Reklama

"Gniew tytanów": Siła greckiej mitologii

3 sierpnia na Blu-ray 3D, Blu-ray i DVD debiutuje "Gniew tytanów" - kontynuacja zrealizowanej w 2010 roku superprodukcji "Starcie tytanów", która w kinach na całym świecie zarobiła prawie pół miliarda dolarów!

Dziesięć lat minęło od czasu gdy Perseusz (Sam Worthington) - syn boga Zeusa (Liam Neeson), pokonał potwornego Krakena. Dziś wojownik wiedzie spokojne życie rybaka i samotnie wychowuje 10-letniego synka Heliusa (John Bell).
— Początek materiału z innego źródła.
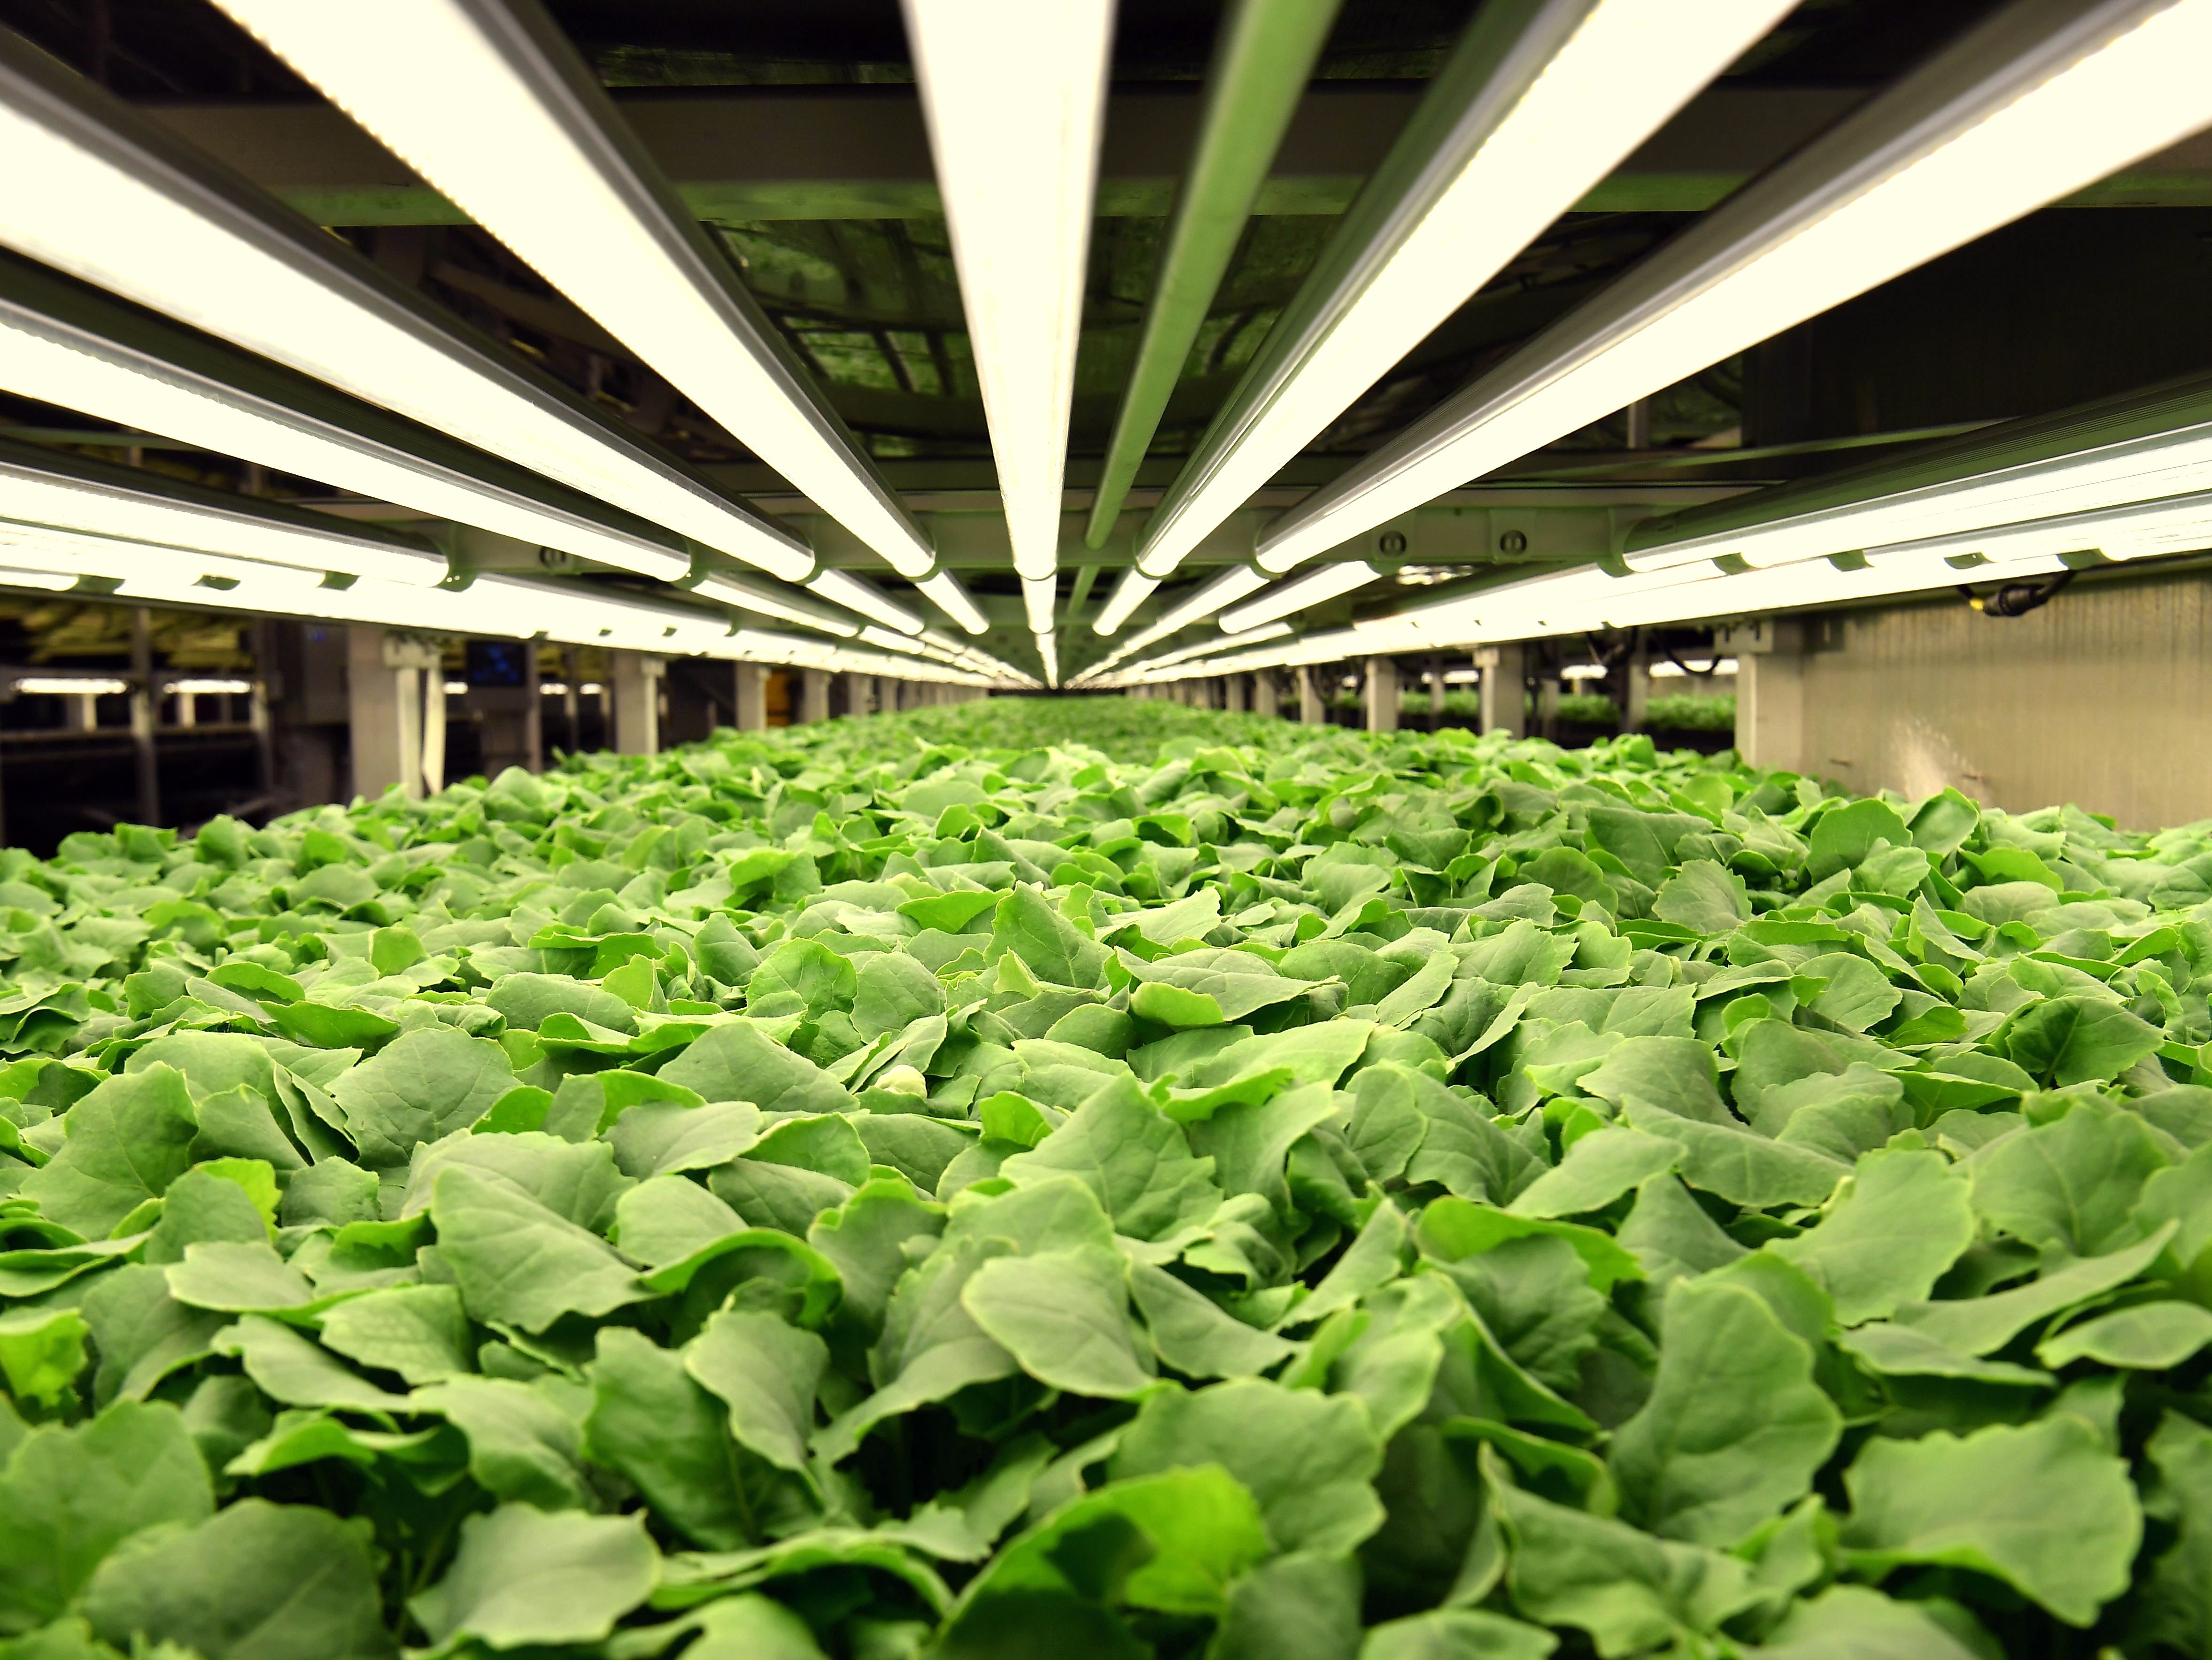 Jersey City Pilots Indoor Vertical Farming To Benefit Communities - Bloomberg

Niestety, ten spokój nie będzie trwał wiecznie. Rozpoczęta przed dekadą wojna pomiędzy bogami i tytanami wciąż trwa, a brak wiary ludzi w bogów sprawia, że mieszkańcy Olimpu stają się coraz słabsi. Wraz z nimi słabną też mury potężnego więzienia w Tartarze - najmroczniejszej i najniżej położonej krainy w Hadesie - w którym zamknięty jest najpotężniejszy z tytanów - Kronos - ojciec Zeusa, Hadesa (Ralph Fiennes) i Posejdona (Danny Huston).

Reklama

Kiedy Hades oraz syn Zeusa, bóg Ares (Edgar Ramírez) zawierają pakt z Kronosem i występują przeciwko Zeusowi, Perseusz musi ponownie chwycić miecz w dłoń. Z pomocą wojowniczej królowej Andromedy (Rosamund Pike), syna Posejdona - półbóga Agenora (Toby Kebbell) oraz upadłego boga Hefajstosa (Bill Nighy) - pogromca Krakena wyrusza na niebezpieczną wyprawę w głąb podziemi, aby uratować Zeusa, obalić tytanów i ocalić ludzkość.
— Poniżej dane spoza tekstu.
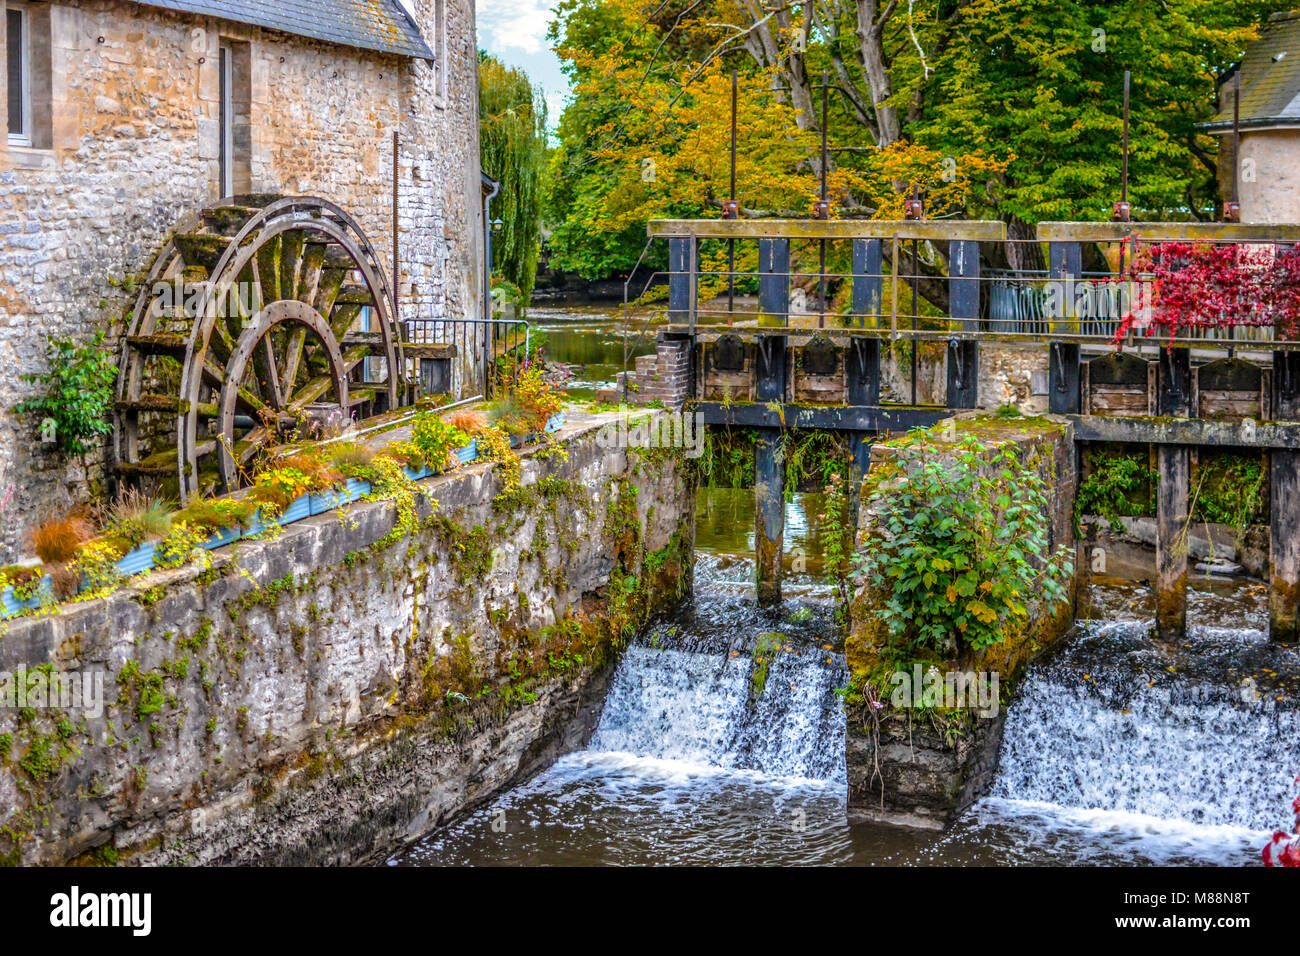 Le moulin à eau sur la rivière Aure dans la ville médiévale de Bayeux en Normandie de la France, avec des couleurs de début d'automne Banque D'Images

Przeczytaj recenzję filmu "Gniew tytanów" na stronach INTERIA.PL!

- To niesamowita przygoda, która prowadzi Perseusza w miejsca, jakich żaden śmiertelnik jeszcze nie widział, i zmusza go do zmierzenia się z wrogami, z jakimi nie przyszło walczyć żadnemu człowiekowi - mówi o filmie "Gniew tytanów" jego reżyser Jonathan Liebesman.

- Grecka mitologia jest ponadczasowa, ponieważ opiera się na klasycznych archetypach, elementach tragicznych, komicznych, zdradzie i zemście. Znajdziemy w niej wszystko, a w dodatku stanowi ona część naszej wspólnej kultury. Każdy wie, kim byli Zeus, Hades i czym jest Podziemie - dodaje Liebesman.

- Jonathan i scenarzyści chcieli wysunąć na pierwszy plan trudne relacje między Zeusem a jego synami, Perseuszem i Aresem, oraz jego złożone przejścia z Hadesem oraz ich własnym ojcem, Kronosem. Bardzo mi się to podobało, ten realizm fantastycznego świata, bardzo ludzkie emocje, które stoją za opowieścią rozgrywającą się w sferze baśni - wyjaśnia odtwarzający rolę Zeusa aktor Liam Neeson.

Podobnie jak w "Starciu tytanów" również i tym razem Perseuszowi na drodze do zwycięstwa staną mityczne bestie i potwory, z którymi walki są jednymi z najbardziej widowiskowych jakie mogliśmy ostatnio zobaczyć w kinie. Grecki heros walczy m.in. z wielogłową Chimerą, jednookimi cyklopami, armią wojowników Makhai o podwójnych ciałach oraz potężnym Minotaurem. - W filmie z pewnością nie brakuje różnorodnej akcji - mówi odpowiedzialny za efekty specjalne Nick Davis.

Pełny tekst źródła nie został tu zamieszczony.